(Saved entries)
--------

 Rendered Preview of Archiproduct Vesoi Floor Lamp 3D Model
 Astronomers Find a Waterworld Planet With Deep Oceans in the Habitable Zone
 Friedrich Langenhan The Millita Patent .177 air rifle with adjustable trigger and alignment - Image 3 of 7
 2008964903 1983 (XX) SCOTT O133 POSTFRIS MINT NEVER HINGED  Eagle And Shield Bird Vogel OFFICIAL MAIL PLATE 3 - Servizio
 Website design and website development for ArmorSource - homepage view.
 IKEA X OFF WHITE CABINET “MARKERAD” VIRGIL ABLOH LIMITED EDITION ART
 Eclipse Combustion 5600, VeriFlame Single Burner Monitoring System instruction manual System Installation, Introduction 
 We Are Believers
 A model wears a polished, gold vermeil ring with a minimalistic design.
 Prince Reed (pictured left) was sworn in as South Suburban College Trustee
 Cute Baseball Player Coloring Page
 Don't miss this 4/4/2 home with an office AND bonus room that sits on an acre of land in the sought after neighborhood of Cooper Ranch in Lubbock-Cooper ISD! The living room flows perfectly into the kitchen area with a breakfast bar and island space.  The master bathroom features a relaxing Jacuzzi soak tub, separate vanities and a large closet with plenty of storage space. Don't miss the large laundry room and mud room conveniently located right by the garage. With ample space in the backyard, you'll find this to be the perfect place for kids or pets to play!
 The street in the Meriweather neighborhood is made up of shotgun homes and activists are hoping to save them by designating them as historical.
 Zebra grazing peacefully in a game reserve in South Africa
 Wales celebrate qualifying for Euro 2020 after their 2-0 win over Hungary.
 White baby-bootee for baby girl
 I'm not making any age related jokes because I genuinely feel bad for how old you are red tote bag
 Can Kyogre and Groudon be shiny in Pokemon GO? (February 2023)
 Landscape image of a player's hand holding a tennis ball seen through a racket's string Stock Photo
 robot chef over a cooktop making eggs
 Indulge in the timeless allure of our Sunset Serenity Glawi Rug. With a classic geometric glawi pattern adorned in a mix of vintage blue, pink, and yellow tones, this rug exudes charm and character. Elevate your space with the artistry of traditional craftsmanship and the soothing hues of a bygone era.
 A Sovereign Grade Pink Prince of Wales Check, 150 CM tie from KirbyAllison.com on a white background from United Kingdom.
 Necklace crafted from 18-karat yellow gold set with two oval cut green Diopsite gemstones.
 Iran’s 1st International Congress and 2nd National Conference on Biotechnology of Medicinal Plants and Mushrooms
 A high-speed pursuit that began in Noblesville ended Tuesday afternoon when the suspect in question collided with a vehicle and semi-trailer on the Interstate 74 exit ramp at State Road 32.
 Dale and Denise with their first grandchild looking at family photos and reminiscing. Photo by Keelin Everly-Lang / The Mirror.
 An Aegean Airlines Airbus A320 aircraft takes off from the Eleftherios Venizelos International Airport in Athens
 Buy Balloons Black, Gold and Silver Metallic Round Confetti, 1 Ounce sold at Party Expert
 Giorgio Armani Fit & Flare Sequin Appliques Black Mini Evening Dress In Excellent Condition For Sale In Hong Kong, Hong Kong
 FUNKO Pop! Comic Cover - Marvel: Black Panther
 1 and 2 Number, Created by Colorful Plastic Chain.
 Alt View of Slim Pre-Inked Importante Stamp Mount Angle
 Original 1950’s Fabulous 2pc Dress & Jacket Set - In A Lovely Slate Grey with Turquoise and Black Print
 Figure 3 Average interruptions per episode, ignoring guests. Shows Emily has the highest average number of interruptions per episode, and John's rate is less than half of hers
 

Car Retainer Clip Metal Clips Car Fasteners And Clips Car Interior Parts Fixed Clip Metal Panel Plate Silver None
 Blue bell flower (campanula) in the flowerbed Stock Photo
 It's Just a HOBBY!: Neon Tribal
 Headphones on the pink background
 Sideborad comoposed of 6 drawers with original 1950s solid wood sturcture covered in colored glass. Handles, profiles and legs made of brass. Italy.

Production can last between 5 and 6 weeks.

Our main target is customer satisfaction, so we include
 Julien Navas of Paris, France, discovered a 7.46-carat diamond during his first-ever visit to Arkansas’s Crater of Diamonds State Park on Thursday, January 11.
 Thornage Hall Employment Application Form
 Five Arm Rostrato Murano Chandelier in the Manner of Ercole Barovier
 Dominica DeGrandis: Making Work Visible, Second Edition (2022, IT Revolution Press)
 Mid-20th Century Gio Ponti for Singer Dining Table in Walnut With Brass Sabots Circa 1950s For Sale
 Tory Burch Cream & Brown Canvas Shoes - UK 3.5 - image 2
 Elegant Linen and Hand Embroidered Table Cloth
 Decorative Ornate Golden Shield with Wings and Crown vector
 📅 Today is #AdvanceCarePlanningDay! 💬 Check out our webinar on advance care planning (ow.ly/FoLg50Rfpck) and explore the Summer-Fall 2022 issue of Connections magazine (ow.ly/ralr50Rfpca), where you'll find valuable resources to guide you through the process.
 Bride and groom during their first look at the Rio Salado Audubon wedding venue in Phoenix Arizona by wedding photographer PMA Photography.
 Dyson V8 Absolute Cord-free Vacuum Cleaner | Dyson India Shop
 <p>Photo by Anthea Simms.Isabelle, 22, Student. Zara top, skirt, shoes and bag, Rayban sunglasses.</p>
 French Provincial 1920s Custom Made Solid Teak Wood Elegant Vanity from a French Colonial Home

--------

**Exercise aim:** Please give a word-for-word repetition of the lines from the one containing "Thornage Hall Employment Application Form" through the last line of the data above, including both, and nothing besides.

**Answer section:**
 Thornage Hall Employment Application Form
 Five Arm Rostrato Murano Chandelier in the Manner of Ercole Barovier
 Dominica DeGrandis: Making Work Visible, Second Edition (2022, IT Revolution Press)
 Mid-20th Century Gio Ponti for Singer Dining Table in Walnut With Brass Sabots Circa 1950s For Sale
 Tory Burch Cream & Brown Canvas Shoes - UK 3.5 - image 2
 Elegant Linen and Hand Embroidered Table Cloth
 Decorative Ornate Golden Shield with Wings and Crown vector
 📅 Today is #AdvanceCarePlanningDay! 💬 Check out our webinar on advance care planning (ow.ly/FoLg50Rfpck) and explore the Summer-Fall 2022 issue of Connections magazine (ow.ly/ralr50Rfpca), where you'll find valuable resources to guide you through the process.
 Bride and groom during their first look at the Rio Salado Audubon wedding venue in Phoenix Arizona by wedding photographer PMA Photography.
 Dyson V8 Absolute Cord-free Vacuum Cleaner | Dyson India Shop
 <p>Photo by Anthea Simms.Isabelle, 22, Student. Zara top, skirt, shoes and bag, Rayban sunglasses.</p>
 French Provincial 1920s Custom Made Solid Teak Wood Elegant Vanity from a French Colonial Home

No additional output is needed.